メールの返信って難しいものなんでしょうか。
メールの返信がきちんとできていないと人間的センスが問われます。
しかし、思えば昔は(ちょっと数年前ですが…)携帯など持っていなくて、僕らの高校時代はポケベルでした。
たしか姫路の(地元の人間は姫路駅周辺を姫路と言います(笑))ドコモの店に行ってレンタルで持っていました。
「センティーA」とかいう商品で、スマホの3分の1くらいの大きさだったような記憶があります。
元来は電話番号を送る目的の物だったそれが言葉を送れるということで大ヒットしたんですよね。
言葉と言っても番号を言葉として読む、例えば「何してる?」なら「724106」みたいなものでした。
公衆電話の前にはポケベルに送る数字をどれだけ連打するんですか!?というくらい高速で打つ女子がたくさんいました。
そこから始まり、やがては文字へ変換され、メールとなったと思うんですが、以前はメールは手の空いたときに見てもらう、言うならば電話というものが相手の世界に急に割り込むのに対して、メールは相手の日常を遮ることなく負担なく送信者からのメッセージを見る事ができるというツールでした。
現在はそうではなく、電話と同じくらいビジネスにおいてはスピードが求められるものに変貌しました。
相手のすぐ横にいても「今からメールで写真を送るから見て」と言い、2〜3秒後には相手のスマホやパソコンにはそれがある。
当然のようにそれを共有し、打合せをするのが日常。
以前はIT、ITと言っていましたがそれだけでなく現在はコミュニケーションのCが加わりICTと言います。
それだけ情報の伝達が主体だった例えばメールが、コミュニケーションの伝達というものも目的とするものに変わったのだと思います。
ここで僕が言いたいのは、そこでメールに求められるものがただの情報の伝達ではなく、コミュニケーションであるということです。
冒頭の「返信」に対して僕はよく会社の人間に注意します。
「返信しなさいよ!」と。
僕は高校生ではないんですから常に「返事まだかな〜」と待っているわけではありません。
毎日仕事のことでメールは数十件きますし、多いときは100を越えます。
情報だけのメールには返信はしませんが、コミュニケーションをともなうメールには僕は返信をしています。
情報のメールには返信をしないよ、と言っています。
それをしていたらずっとメールしないといけませんし、時間のロスだからです。
しかし、話みたいなメールには返信はしないと失礼です。
メールで一番大切なのは礼儀です。
全てそうですが、形ではなく礼儀です。
僕は一日の始まりは「おはようございます」と何時でも言うように社内で言っています。
だからメールにおいてもその社員と会っていない時は「おはようございます」と打つように言っています。
入れないといけない文字ではなく、礼儀です。
メールもそういう感覚でするのが僕は正しいと思います。
部下からメールがありました。
上司が返信します。
返信なし…。
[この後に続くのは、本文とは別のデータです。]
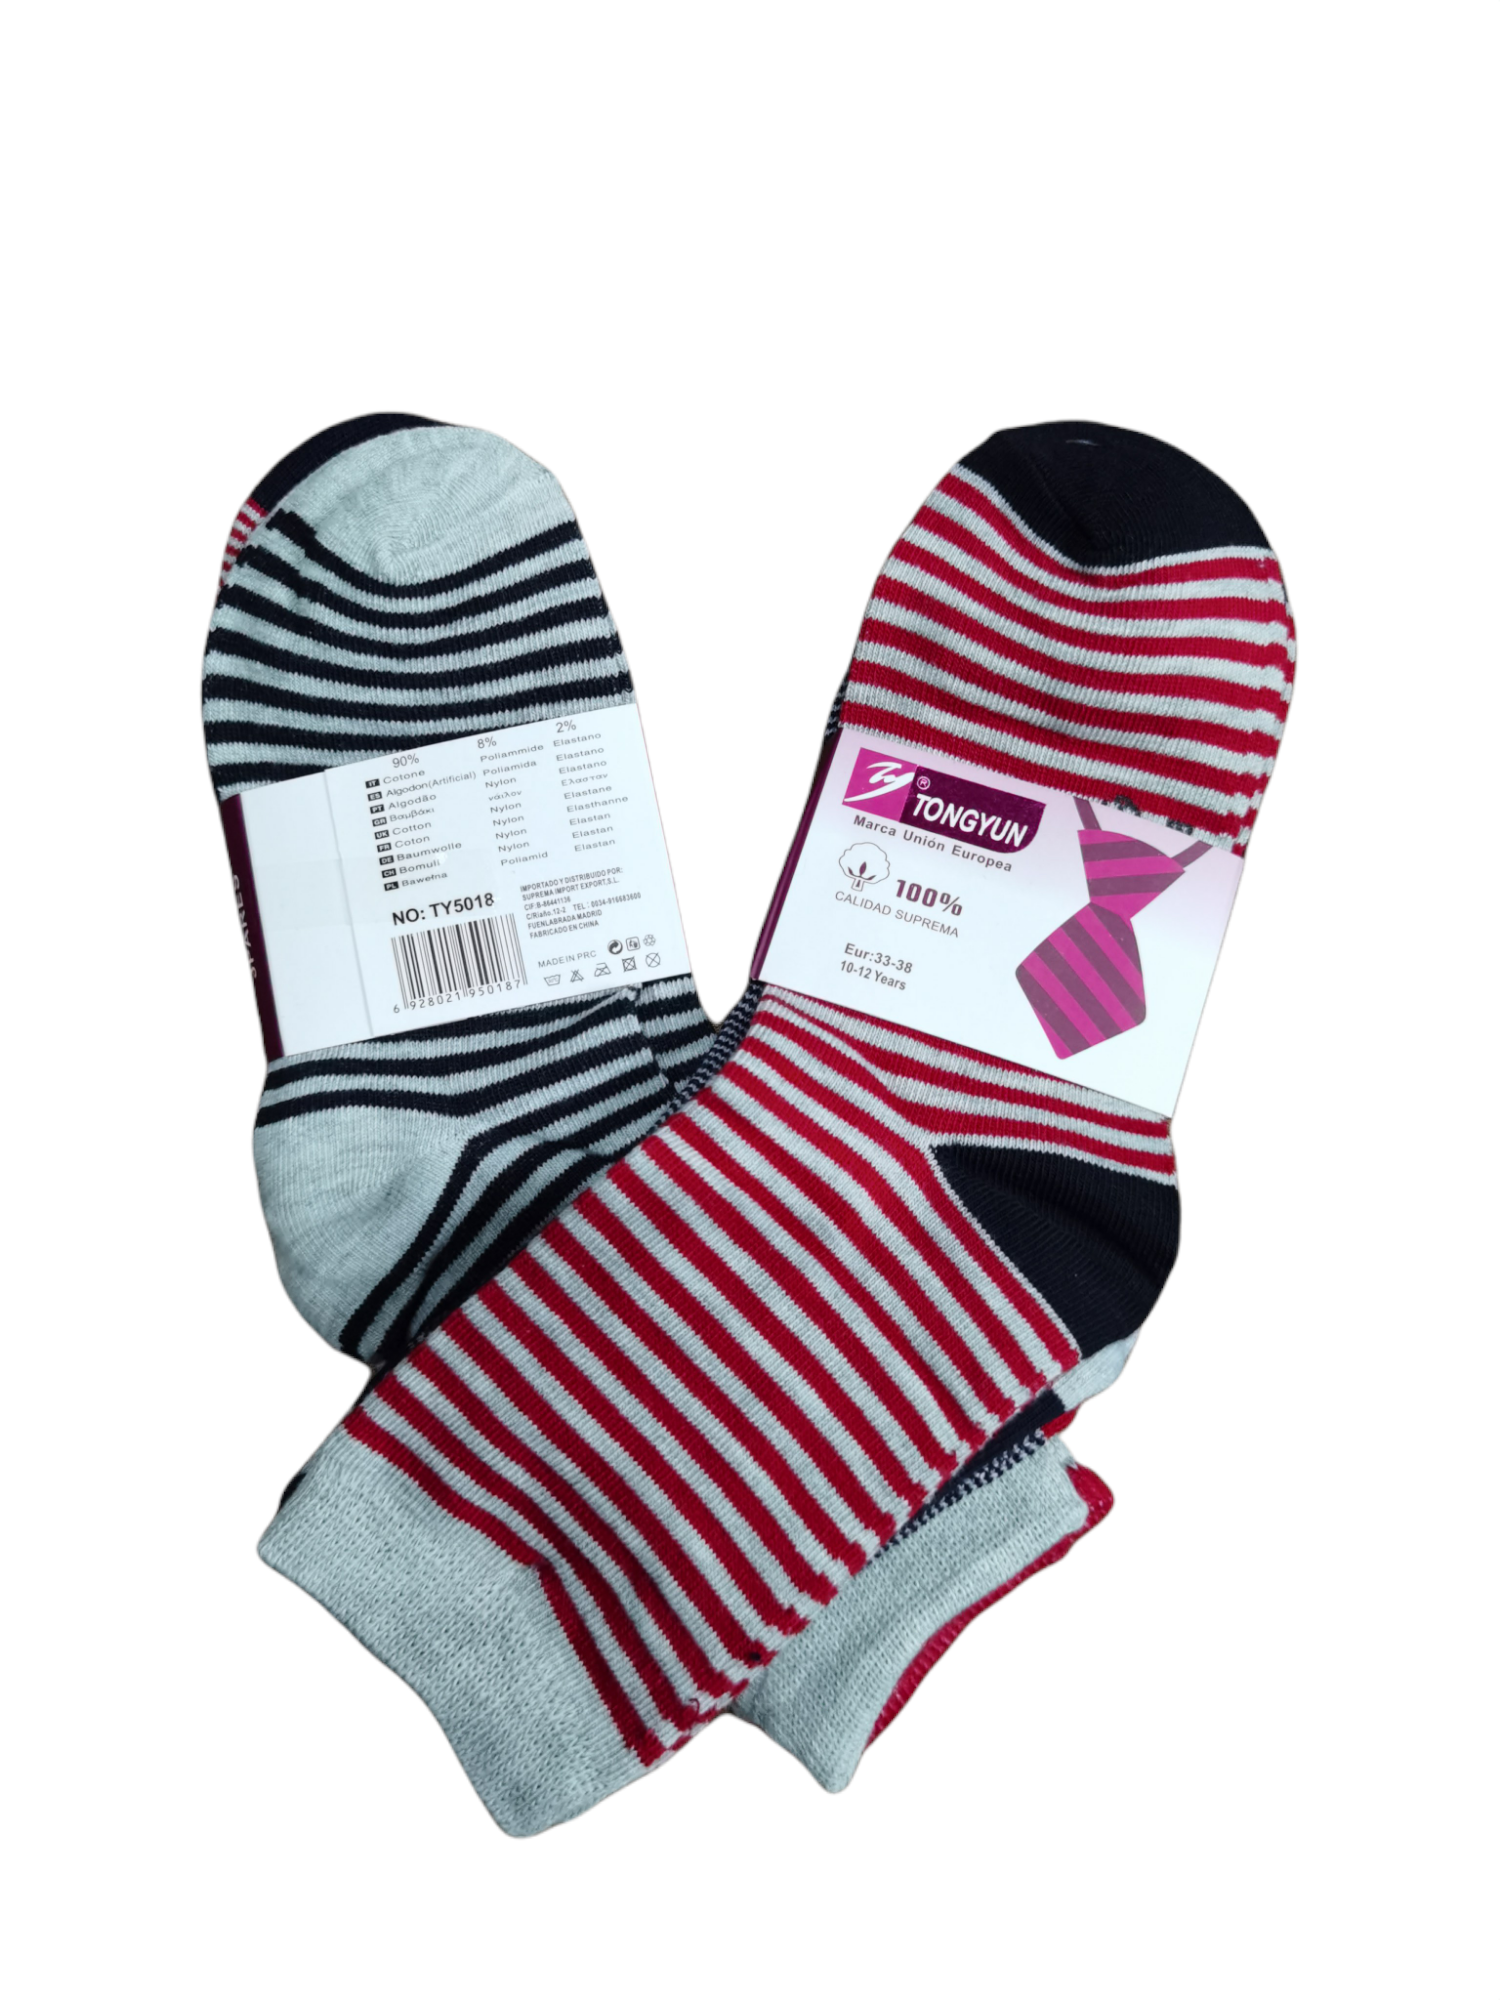 GIRL - Cotton socks 3 mixed sizes T21-26/27-32/33-38 (x36)

これで終わりは失礼だと特に幹部の者には厳しく言っています。
例えばメールで「頑張ってください!」と締められた上司からもメール。
返信しないということは口で「頑張ってください!」と言ってもらったのに無視していることになる。
これに気付かない人は意外と多い。
ここが大切なんです。
ここで「はい、ありがとうございます!」と返信するのが礼儀ですし、当然。
そしてメールのやりとりを相手、特に上司を最後に終わらせない人が優秀ですし、気遣いができる人だと僕は思います。
相手がお客様だったらどうでしょう。
相手のことを考えれば考えるほど、正解は礼儀を大切に考えれば答えがでると思います。
メールの返信。コミュニケーションの重要なツールとなったメールにおいて、特にビジネスでのメールにおいてはスピードよりも相手への礼儀、これを考えないといけないと思います。